About this exercise
What is needed here is an exact printout of the data, with no pictures included.

Dataset excerpt
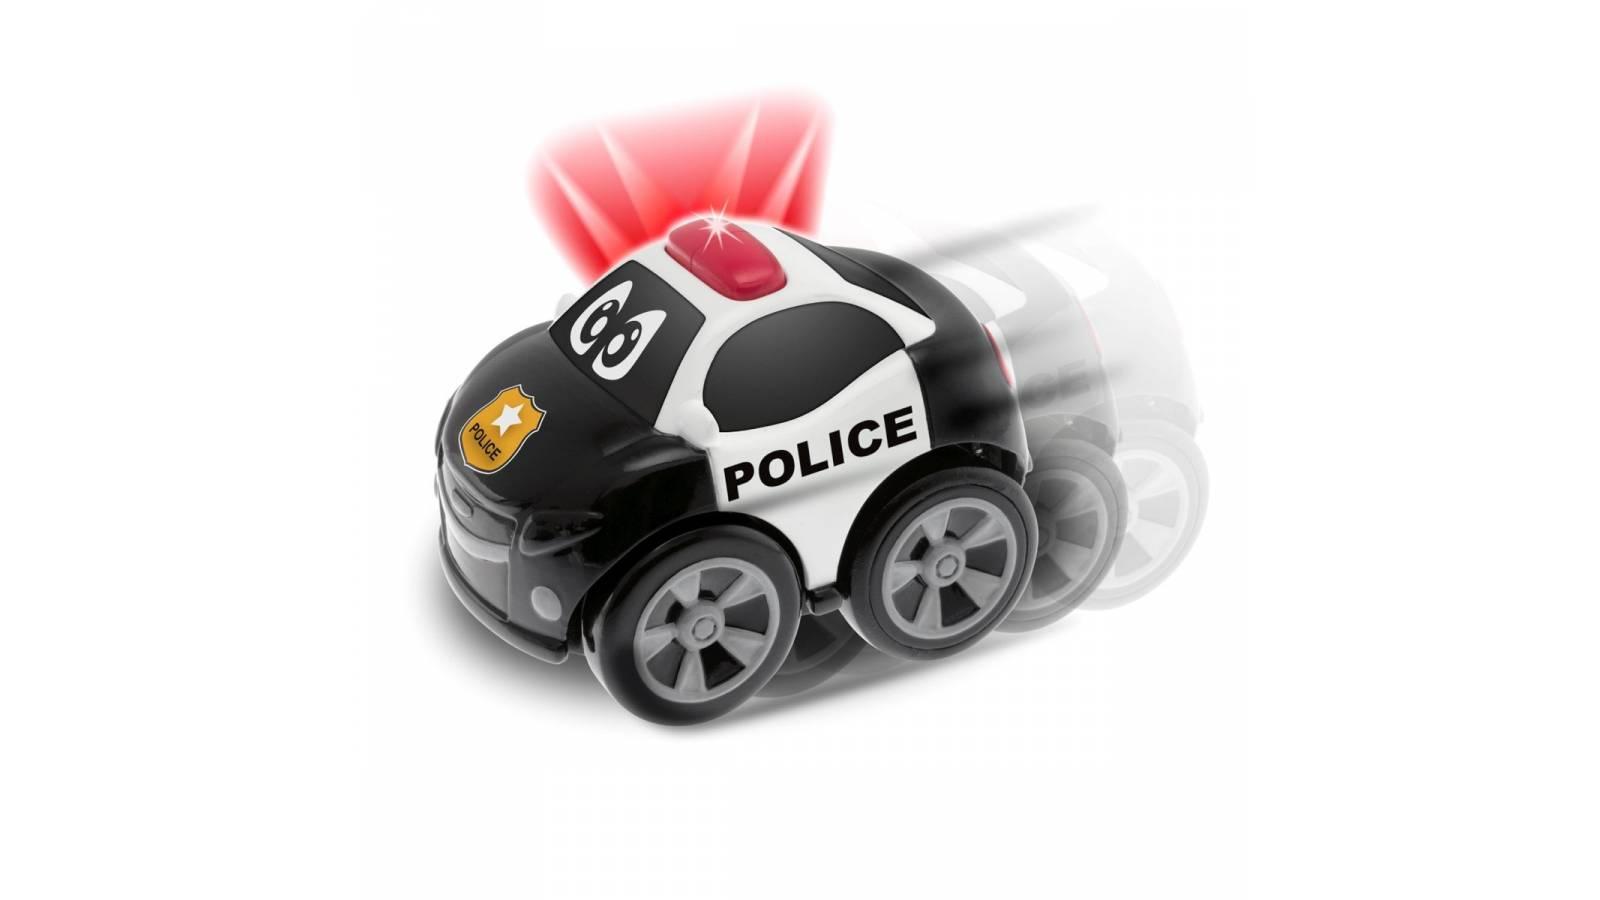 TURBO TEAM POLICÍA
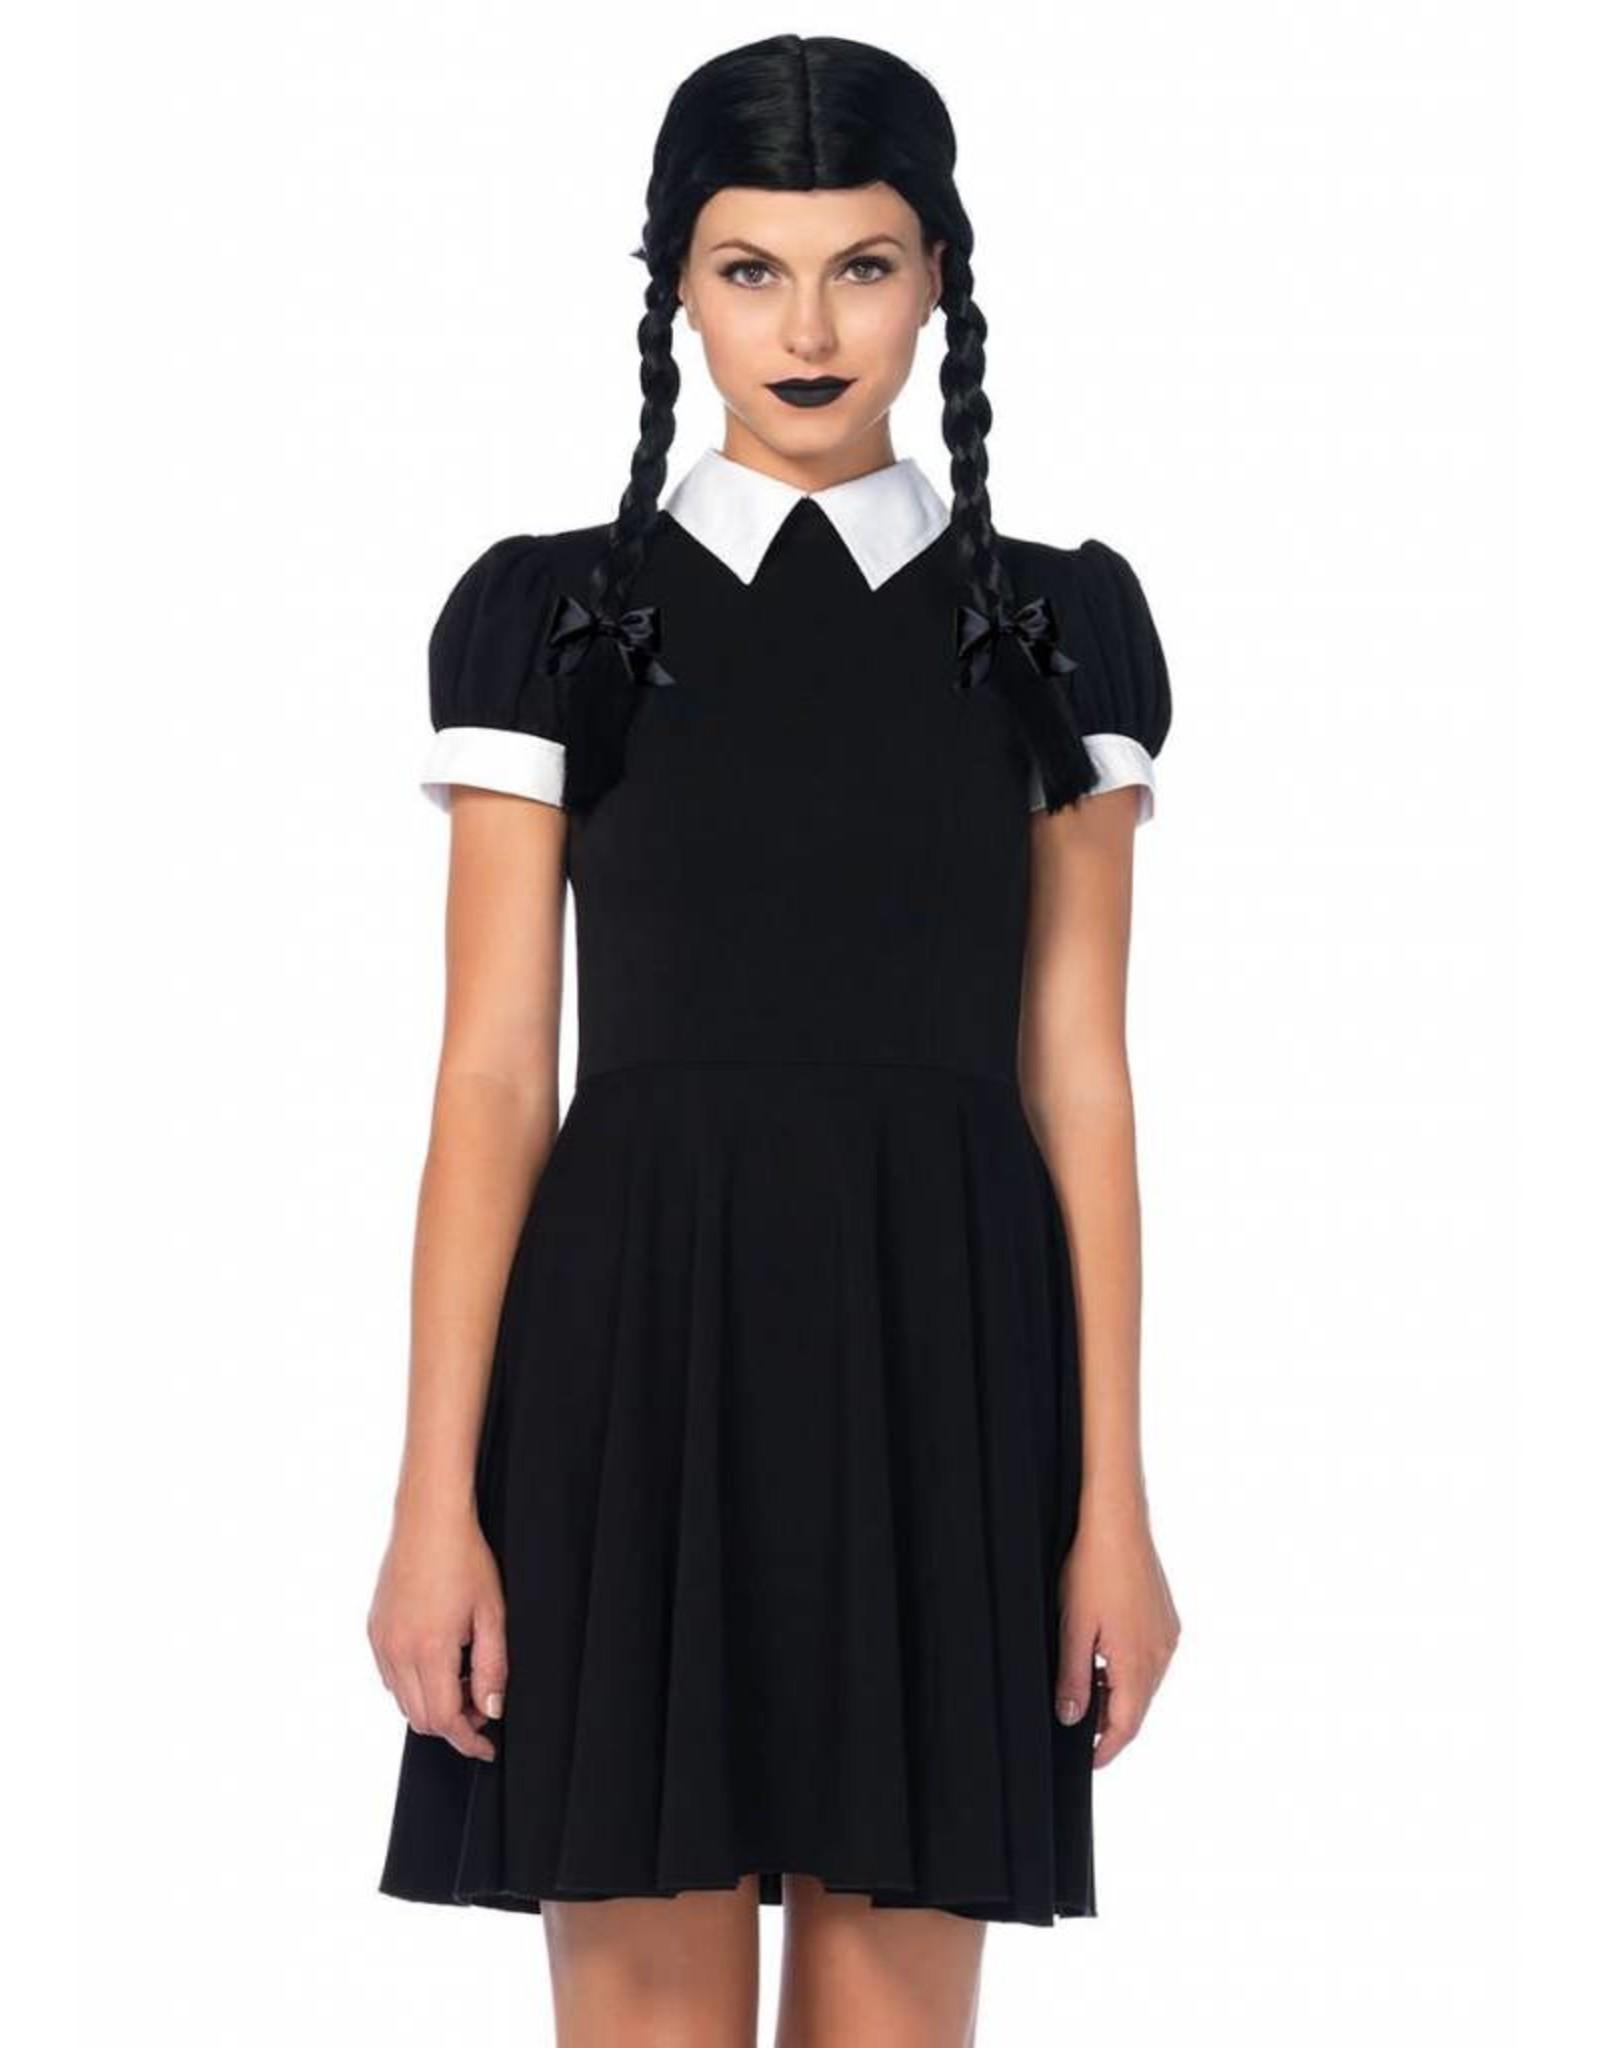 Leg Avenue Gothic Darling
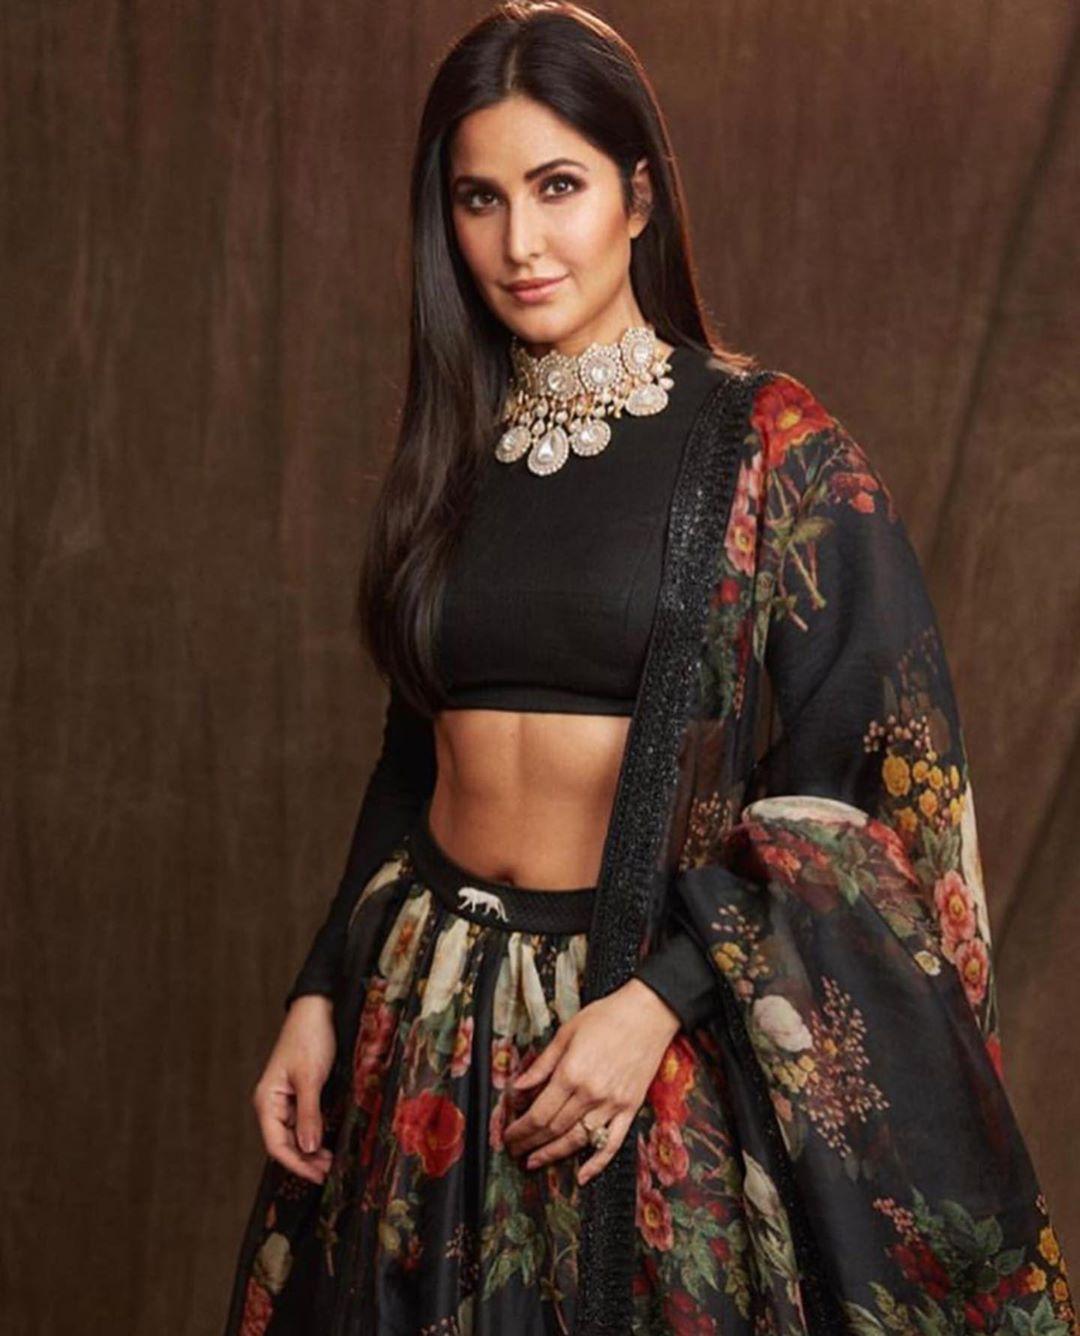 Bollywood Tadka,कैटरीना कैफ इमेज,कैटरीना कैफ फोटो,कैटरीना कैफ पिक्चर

Task solution
 TURBO TEAM POLICÍA
 Leg Avenue Gothic Darling
 Bollywood Tadka,कैटरीना कैफ इमेज,कैटरीना कैफ फोटो,कैटरीना कैफ पिक्चर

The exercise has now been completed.